Ранние сумерки. Чехов
Шрифт:
В зале и на сцене вспыхнули электрические люстры и фонари.
— Первый день творенья! Художественный театр будет играть при электрическом свете!
В свете люстр особенно засверкала модноголубая рубашка Бунина, поднялась круглая запорожская голова Мамина-Сибиряка, и все собравшиеся здесь друзья театра радостно зааплодировали удавшемуся фокусу режиссёра. Кто-то крикнул: «Едем к Чехову! Обрадуем!» Его охотно поддержали. Некий московский адвокат, любитель театра, подошёл к Бунину со странным вопросом:
— Иван Алексеевич, неужели и вы поедете
— Почему?
— Я вижу, как вам тяжело среди таких знаменитостей, как Горький, Мамин-Сибиряк...
— Нисколько. В этнографии я признаю первенство Мамина-Сибиряка, а Горький... У меня иной путь, чем у Горького. Я буду академиком, и неизвестно, кто кого переживёт.
В Белой даче в эти дни стол был накрыт с утра до вечера. Можно было в любое время приезжать и закусывать — не напрасно Маша привезла шесть пудов закусок. Она и Ольга в белых фартучках встречали гостей, и Ольга играла кокетливую горничную:
— Откушайте, пожалуйста, водочки, ваше превосходительство. Не прикажете ли чайку?
— Вот я тебя, быстроногая, — изображал Станиславский барина, любящего пошалить.
— Ой, что вы, барин! — кокетничала горничная Ольга. — Не дай Бог увидють...
Горький явно и не очень умело ухаживал за Марьей Андреевой, воспитанницей Станиславского по Обществу любителей искусства и литературы, дамой бальзаковского возраста, играющей юных девушек. Он сидел рядом с ней и, неприлично близко придвигая лицо к её лицу, бубнил свою «Песню о Соколе».
— Прекрасно, — перебивала она его. — Это надо читать в большой аудитории. Мы хотим устроить благотворительный литературный вечер.
— А вот ещё я сочинил «Песню о Буревестнике», — не унимался Горький. — Ещё не до конца сочинил. Там у меня, знаете: «Буря, скоро грянет буря!.. Пусть сильнее грянет буря!..»
Чехов услышал через стол и одобрил:
— Хорошо, Алексей Максимович: «Скоро грянет буря!» М -да... Замечательно.
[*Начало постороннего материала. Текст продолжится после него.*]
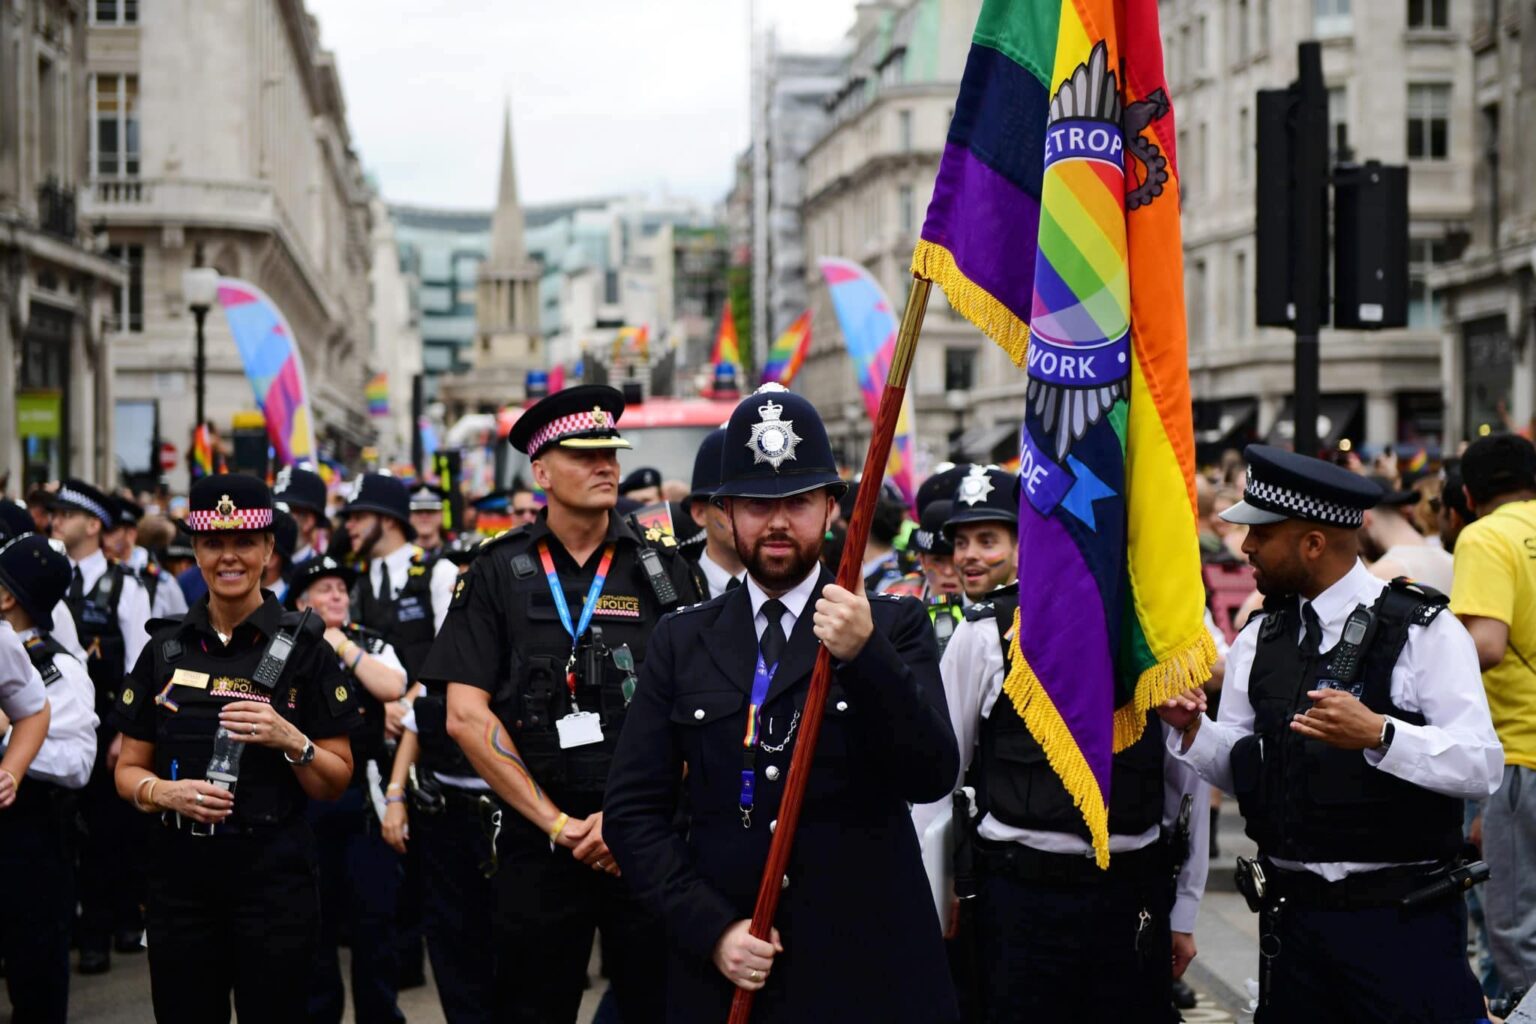 The Metropolitan Police are currently in hot water, as it has just been revealed they might be hiring neo-Nazis. Here’s what we know about the situation.

Эти дни были праздником его драматургии. Всю предшествующую жизнь он знал, что так должно быть, и всю жизнь терпел неудачи и разочарования. Вера в своё предназначение, воля, унаследованная от русских мужиков, позволили ему победить. Теперь он знал, что новая пьеса будет написана быстро и её ждёт успех. Трём милым сёстрам в пьесе противостоят болтуны мужчины, один из них скажет и о буре: «Надвигается на всех нас громада, готовится здоровая сильная буря...»
Бунин изображал поэта-декадента, гнусавящего:
На небесах горят паникадила, А снизу — тьма. Ходила ты к нему иль не ходила? Скажи сама!..— Какие они декаденты, — пренебрежительно сказал Чехов. — Все они здоровые мужики. Их бы в арестантские роты отдать. И ноги у них не бледные, а такие же, как у всех — волосатые.
— А вот свежая
— Спасибо, милая, — ответил Бунин по-барски. — Я уж лучше икорочки. А когда, Антон Павлович, я получу свою часть гонорара за повесть «В овраге»? Дьячка-то, съевшего два фунта икры на поминках, вы у меня стянули.
— Плохо лежало. А вот у меня всё при себе. — Он достал из бокового кармана пиджака свою старую записную книжку. — Ровно сто сюжетов. Учитесь, молодой человек.
После завтрака поднялись в кабинет на второй этаж. Остановились перед камином: в небольшом окошечке, не заделанном облицовкой, на картоне — золотистое, бледно-голубое, призрачное, печальное.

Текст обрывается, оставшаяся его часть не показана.